Прошлое мое тоже самое обыкновенное. Муж был в Добровольческой
армии, сперва у Деникина, потом у Врангеля, а когда мы
докатились до Парижа, стал, конечно, шофером, но начал
спиваться и спился до того, что потерял работу и превратился в
настоящего босяка. Продолжать жить с ним я уже никак не могла.
Видела его последний раз на Монпарнасе, у дверей "Доминика", -
знаете, конечно, этот русский кабачок? Ночь, дождь, а он в
опорках, топчется в лужах, подбегает, согнувшись, к прохожим,
протягивает руку за подачкой, неловко помогает, лучше сказать,
мешает вылезать из такси подъезжающим... Я постояла, посмотрела
на него, подошла к нему. Узнал, испугался, сконфузился, - вы
не можете себе представить, какой это прекрасный, добрый,
деликатный человек! - стоит, растерянно смотрит на меня:
"Маша, ты?" Маленький, оборванный, небритый, весь зарос рыжей
щетиной, мокрый, дрожит от холода... Я дала ему все, что было у
меня в сумочке, он схватил мою руку мокрой, ледяной ручкой,
стал целовать ее и трястись от слез. Но что же я могла сделать?
Только посылать ему раза два, три в месяц по сто, по двести
франков, - у меня в Париже шляпная мастерская, и я довольно
прилично зарабатываю. А сюда я приехала отдохнуть, покупаться
- и вот... На днях уеду в Париж. Встретиться с ним, дать ему
пощечину и тому подобное - очень глупая мечта, и знаете, когда
я поняла это уж как следует? Вот только сейчас, благодаря вам.
Стала рассказывать и поняла...
- Но все-таки как же он сбежал?
- Ах, в том-то и дело, что уж очень подло. Поселились мы
в этом самом пансиончике, где мы с вами оказались соседями, -
это после отеля-то на Cap d'Antibes! - и пошли однажды
вечером, всего дней десять тому назад, пить чай в казино. Ну,
конечно, музыка, несколько танцующих пар, - я уж больше просто
видеть не могла без отвращения всего этого, нагляделась
достаточно! - однако сижу, ем пирожные, которые он заказывает
для меня и для себя и все как-то странно смеется, - посмотри,
посмотри, говорит про музыкантов, настоящие обезьяны, как
топают и кривляются! Потом открывает пустой портсигар, зовет
шассера, приказывает ему принести английских папирос, тот
приносит, он рассеянно говорит мерси, я вам заплачу после чая,
глядит на свои ногти и обращается ко мне: "Ужас какие руки!

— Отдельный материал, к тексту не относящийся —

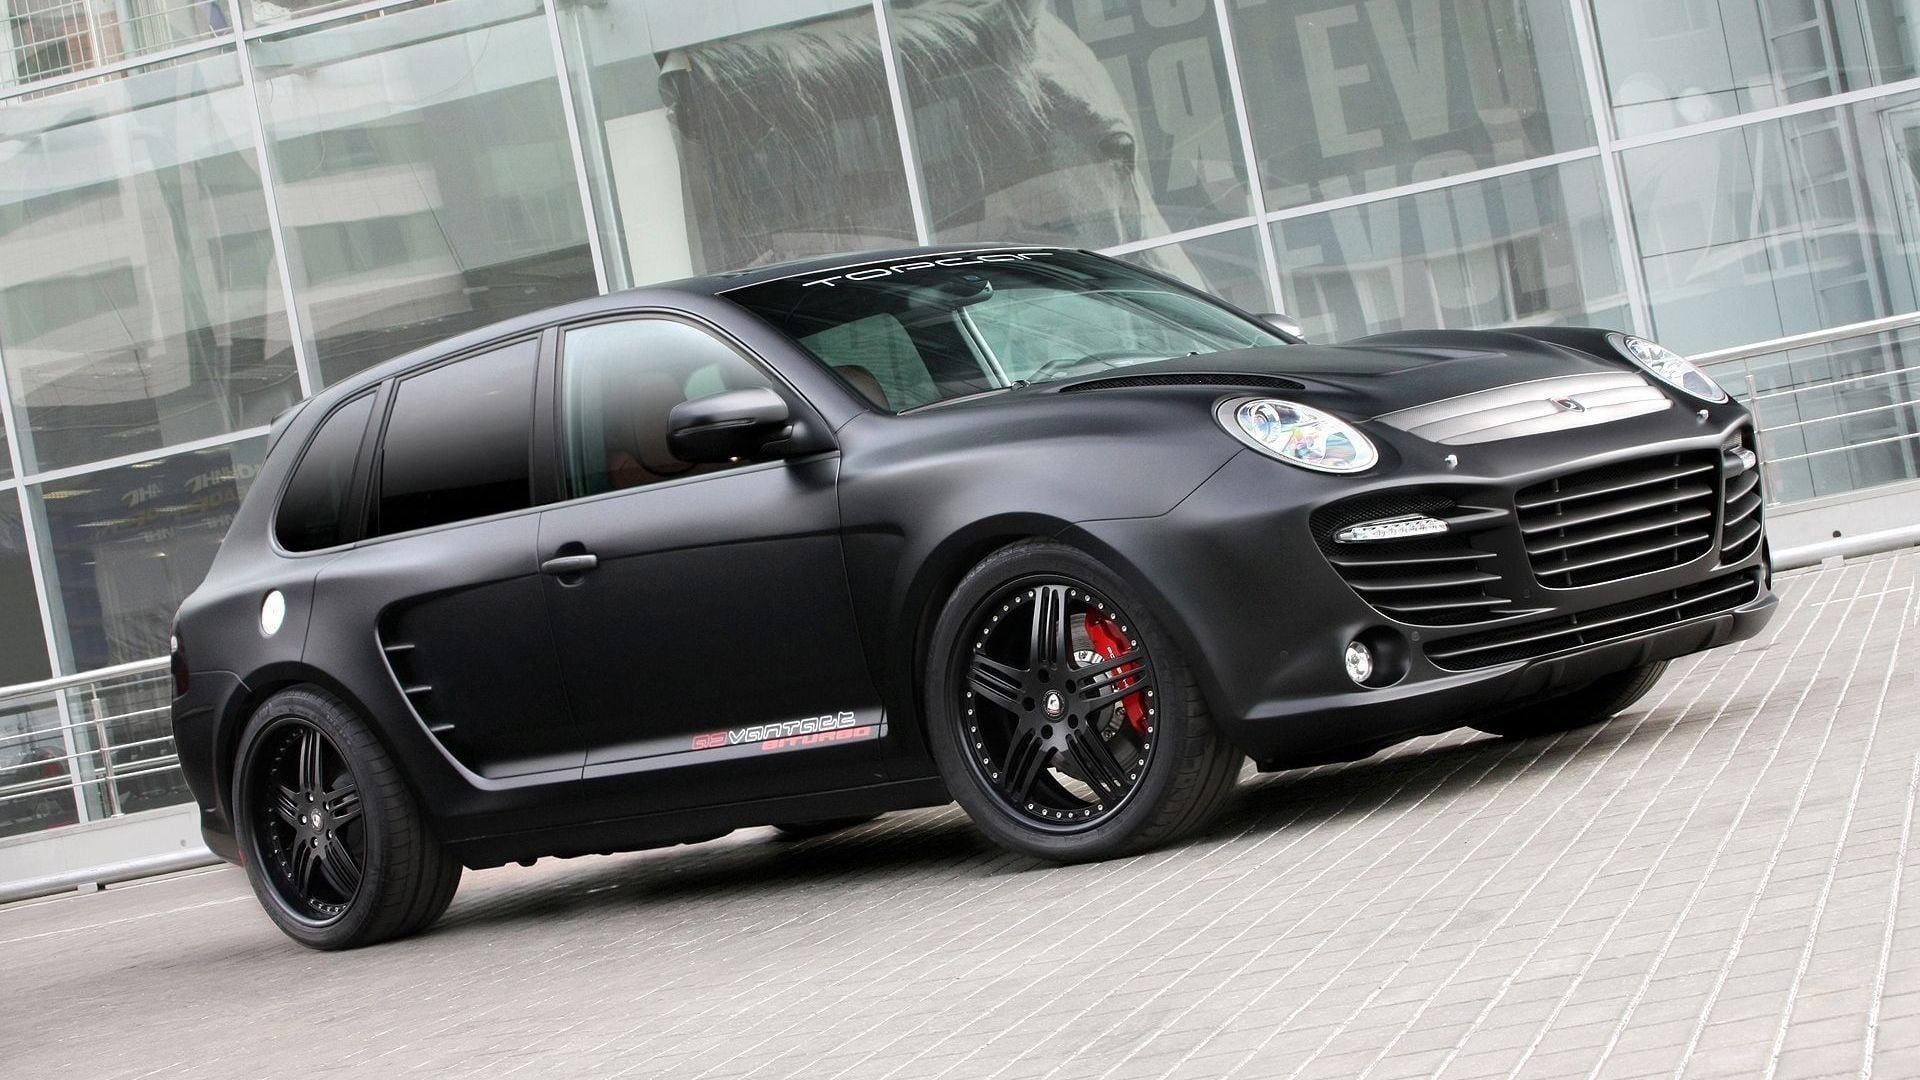 Porsche Cayenne Black Matte 1920x1080 Wallpaper Teahub Io

Пойду помою..." Встает и уходит...
- И больше не возвращается.
- Да. А я сижу и жду. Жду десять минут, двадцать,
полчаса, час... Представляете вы это себе?
- Представляю...
Я очень ясно представил себе: сидят за чайным столиком,
смотрят, молчат, по-разному думают о своем мерзком положении...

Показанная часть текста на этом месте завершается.